Я просидела наверху около часа, перелистывая книги и слушая шум автобусов, проезжавших по Западной авеню. А потом спустилась, чтобы выпить чаю. У Таба была еще одна весьма изысканная черта – он очень любил пить чай в любое время дня. Когда я спустилась, у столика с книгами стоял молодой человек с очень длинными волосами. Он показывал Табу какие-то книги. Юноша был ужасно бледный. На нем были джинсы фирмы «Левис» и старая варено-джинсовая рубашка. Меня поразило сердитое напряжение в его лице. Когда я вижу мужчину, я могу сразу же сказать, попытается он со мной заговорить или нет. Этот молодой человек заговаривать со мной не собирался. Он на меня даже не взглянул. Во всей представшей моему взору сцене было что-то монашеское: большой Таб выглядел как старый монах, а этот юноша – как преисполненный к нему почтением послушник. На лице Таба кривилась гримаса, словно его что-то мучило. Перед ним лежали три книжки, которые он разглядывал с таким видом, будто перед ним – настоящие драгоценные камни.
– Думаю, долларов триста, – сказал Таб. Молодой человек тотчас же кивнул. Таб поднялся, живот у него затрясся. Вернувшись, он принес пачку денег. Юноша взял деньги и очень аккуратно их сложил. Потом он кивнул Табу и вышел. Таб передал мне чашку с чаем. Он, видимо, несколько смутился, что я невольно увидела, как он делает бизнес.

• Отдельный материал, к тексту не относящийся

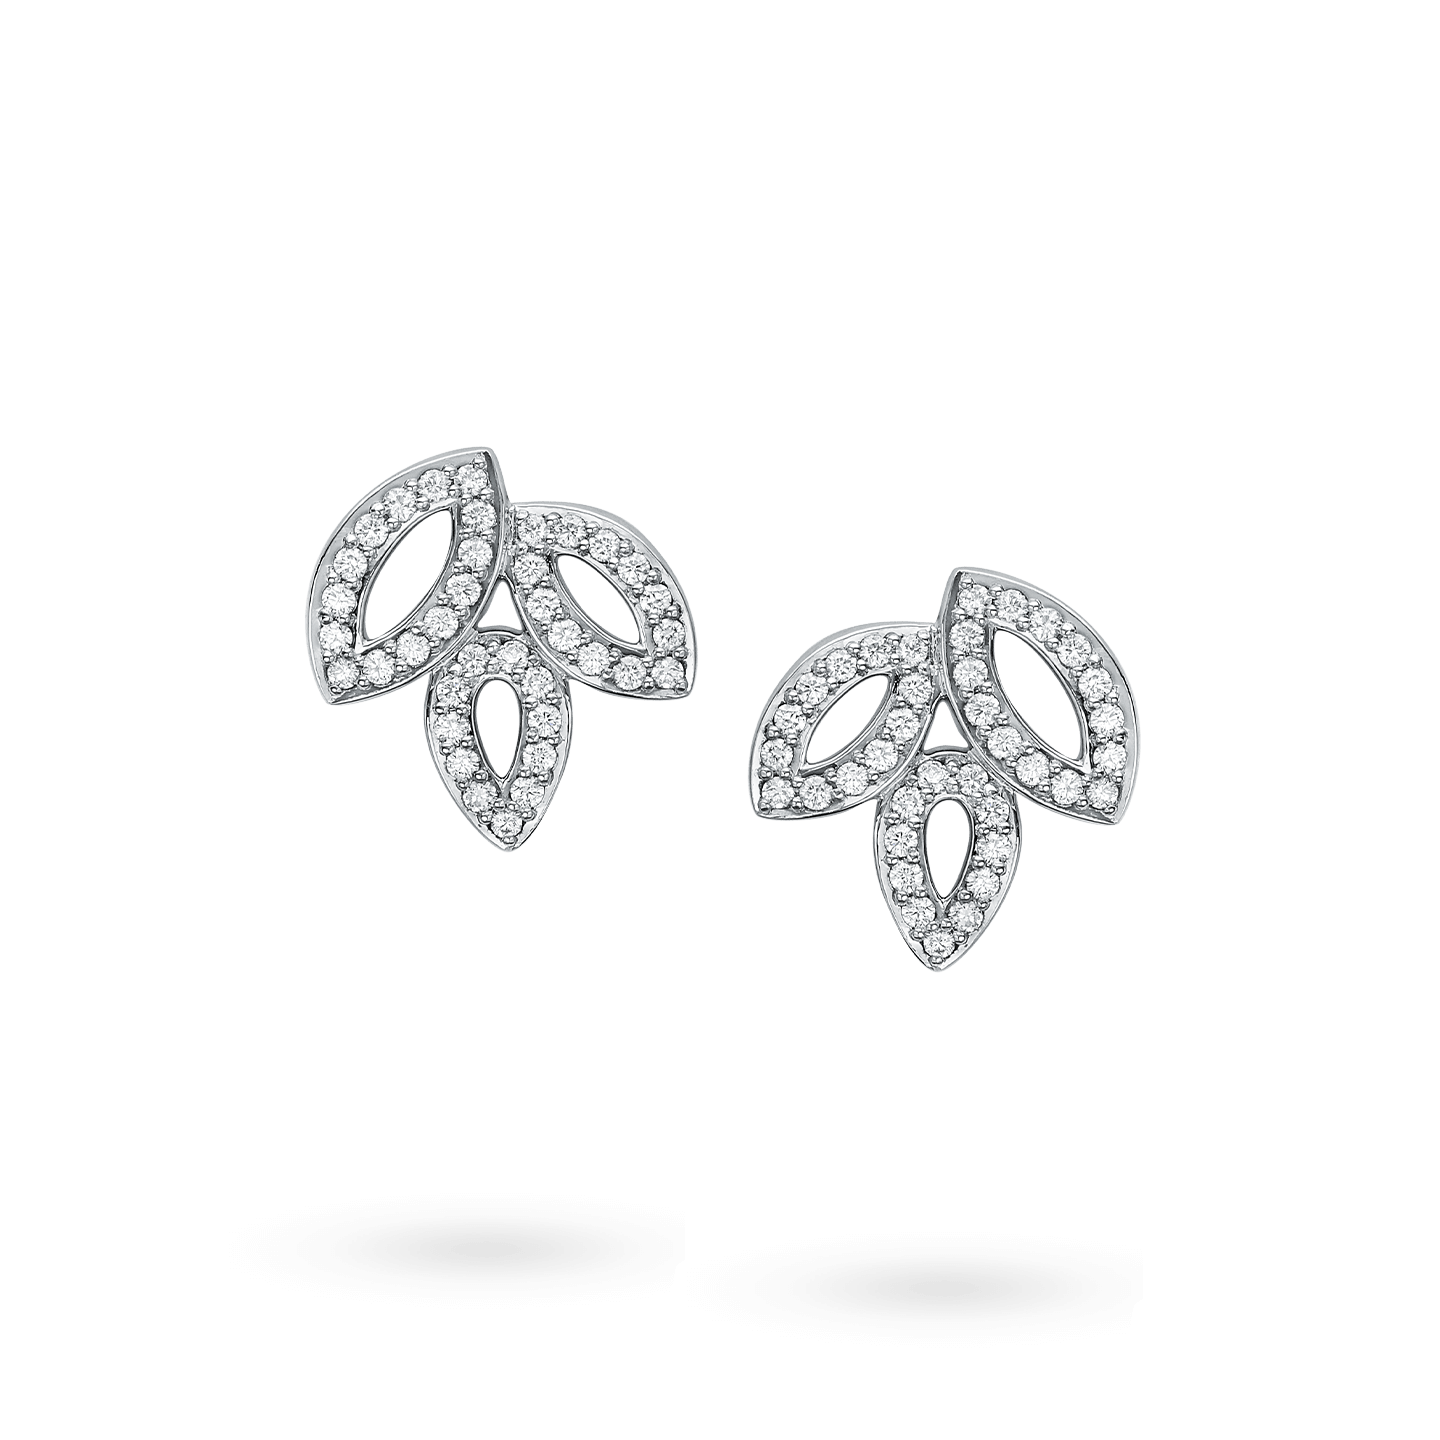 Pink Diamond Rose Gold Earrings - 1.44 ct. - Rough Diamonds

– Это был Доуг, – сказал он, как бы объясняя мне то, что я увидела. – Он букскаут.
– Про бойскаутов я слыхала, а про букскаутов – никогда, – сказала я. – Чем он занимается – ставит палатки в книжных магазинах?
– О, он путешествует, – сказал Таб. – Он делает обходы – разные там распродажи недвижимости, лавки со всякой макулатурой, такие места, куда у меня нет времени зайти.
– Можно мне взглянуть? – спросила я, поставив чашку с чаем рядом с принесенными юношей книгами. Таб кивнул. Первая книга, которую я взяла, была в коричневом кожаном переплете.
– Это Маккензи, – сказал Таб так, словно я сразу же должна была понять, о ком идет речь.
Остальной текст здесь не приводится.